The city is expected to issue an RFP (request for proposals) next month “that would require fiber to be run to every residence, every business, and every government entity within the city limits of Los Angeles,” said Los Angeles Information Technology Agency GM Steve Reneker.
“Residential broadband in LA today typically ranges from 5Mbps to 50Mbps from the likes of AT&T, Time Warner, Verizon, Cox, and Charter,” reports Ars Technica. “Gigabit speeds are available to businesses, but at a higher price than other communities, Reneker said. By expanding gigabit access and hopefully lowering the price, LA hopes to attract new entrepreneurs and keep existing businesses from leaving the city.”
Cost of the buildout is expected to fall on the vendor. “The city is going into it and writing the agreement, basically saying, ‘we have no additional funding for this effort.’ We’re requiring the vendors that respond to pay for the city resources needed to expedite any permitting and inspection associated with laying their fiber,” said Reneker. “If they’re not willing to do that, our City Council may consider a general fund transfer to reimburse those departments, but we’re going in with the assumption that the vendor is going to absorb those up-front costs to make sure they can do their buildout in a timely fashion.”

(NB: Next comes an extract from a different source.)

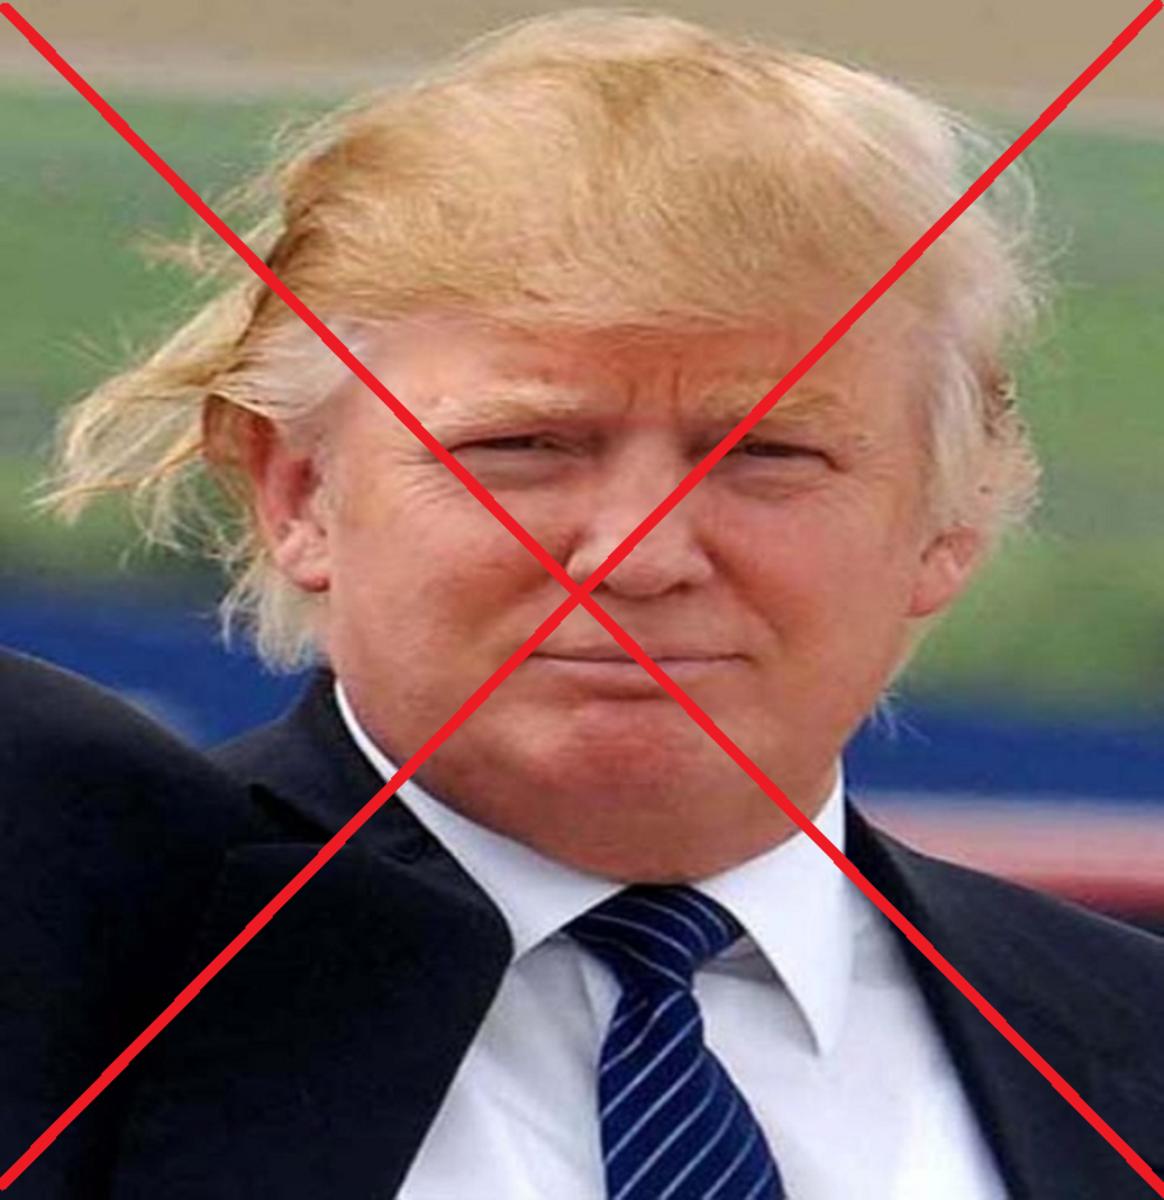 a-case-against-donald-trump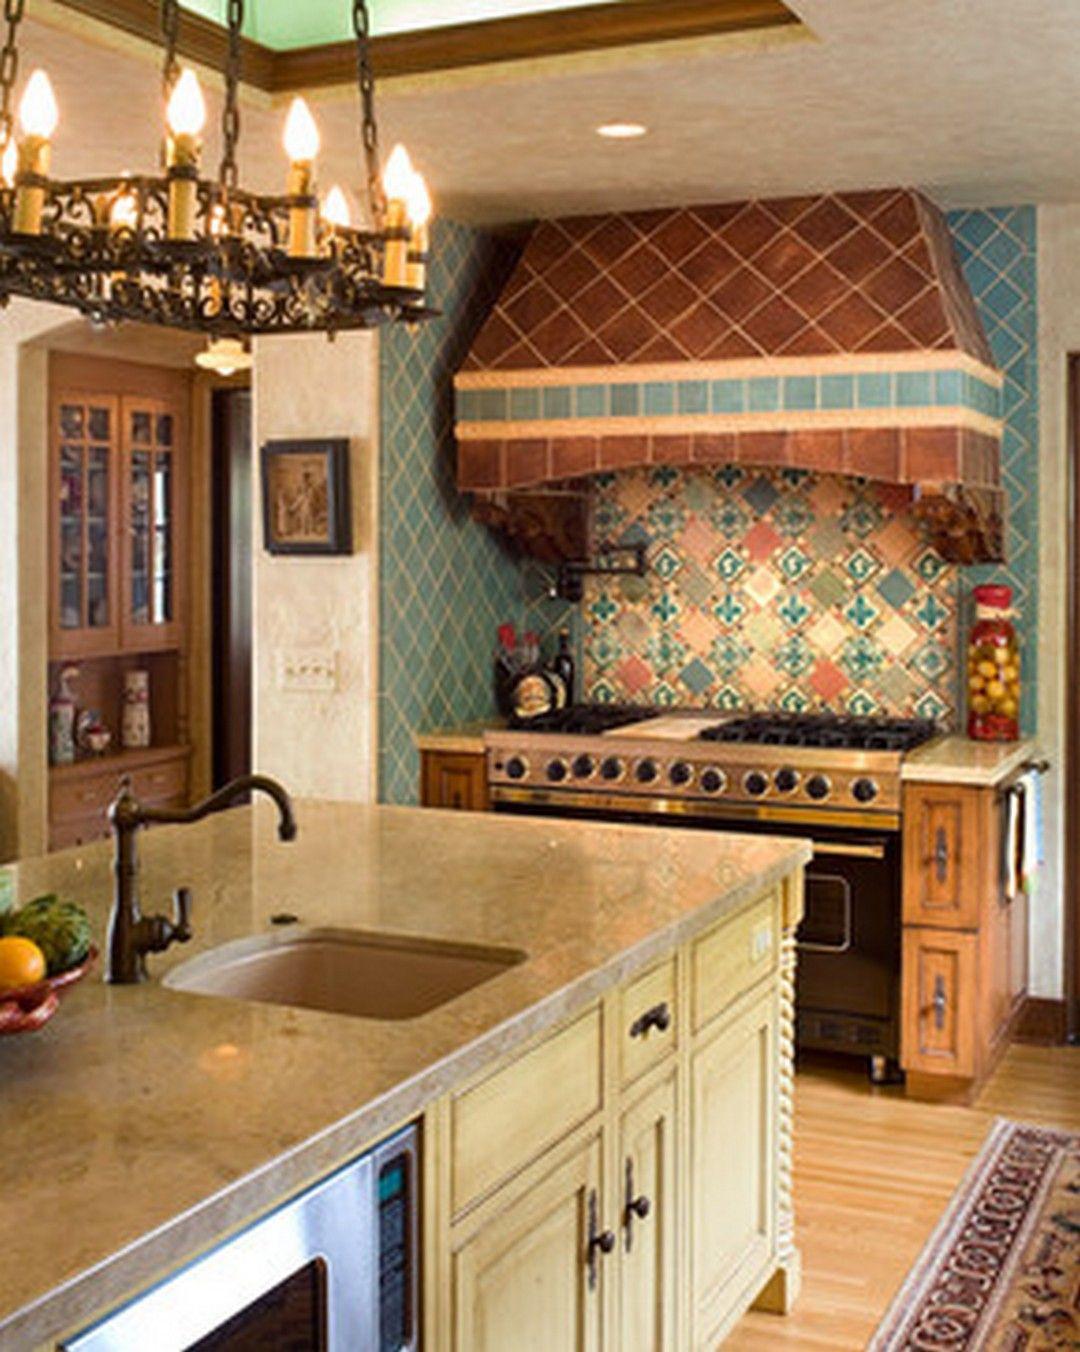 Spanish Style Kitchen Decor Spanish Tile Kitchen Decorating Ideas 99 Gorgeous Photos

“The RFP would favor companies that can offer not only fiber Internet but also cellular service and data center hosting,” notes the article, indicating that AT&T and Verizon would be viable candidates. Reneker said that Time Warner, Cox, and Charter could also be among those to offer bids. However, Google Fiber in its current form will not be considered by the city.
“They would have to change their business model,” Reneker said in regards to Google. “They only run residential. We’re requiring a component for the business. That would be a new market for them.”